Prodigy has three built-in functions to drop examples based on a score: prefer_low_scores()
, prefer_high_scores()
and prefer_uncertain
. All are found in the prodigy.components.sorters
module. They are not documented anywhere, but very useful for anyone doing some custom stuff with Prodigy.
Because of the lack of documentation and available source code I ran experiments to figure out what exactly these functions do.
One important insight is that they drop 50% of examples.
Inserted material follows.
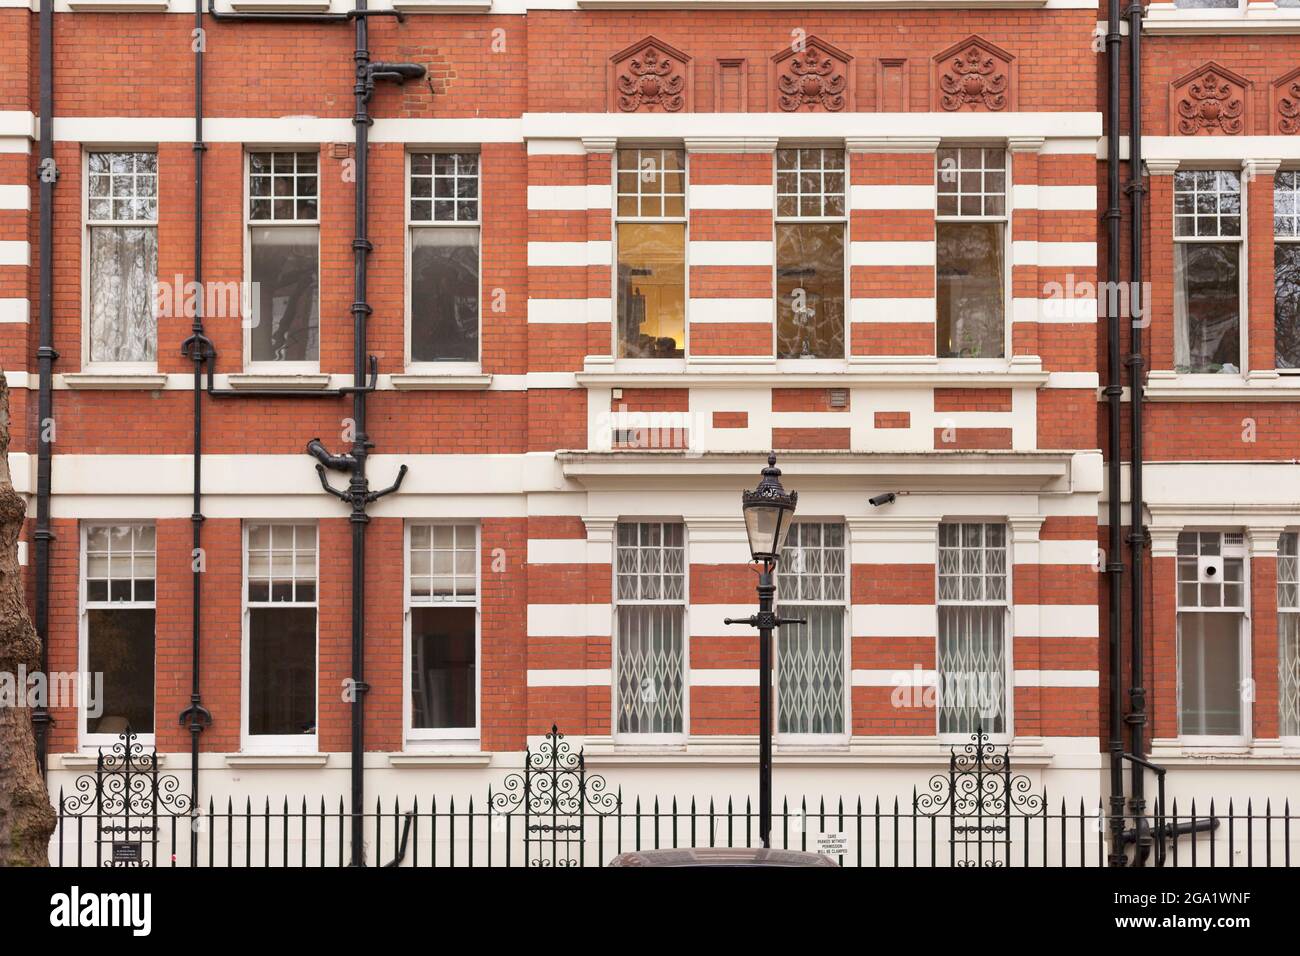 Edwardian apartments on 'Imperial college Rd' in Kensington, London, UK Stock Photo

The distribution of scores of the remaining examples is shown in below histograms.
import random
import pandas as pd
import matplotlib.pyplot as plt
from prodigy.components.sorters import prefer_low_scores, prefer_high_scores, prefer_uncertain
n = 100000
stream = []
for _ in range(n):
r = random.uniform(0, 1)
stream.append((r, {'score': r}))
def show_histogram(func, ax):
scores = [s['score'] for s in func(stream)]
pd.Series(scores).hist(ax=ax)
ax.set_title(func.__name__)
fig, ax = plt.subplots(ncols=3, sharex=True, sharey=True, figsize=(15, 5))
show_histogram(prefer_low_scores, ax=ax[0])
show_histogram(prefer_high_scores, ax=ax[1])
show_histogram(prefer_uncertain, ax=ax[2])
I think it would be very useful to have this in the official documentation.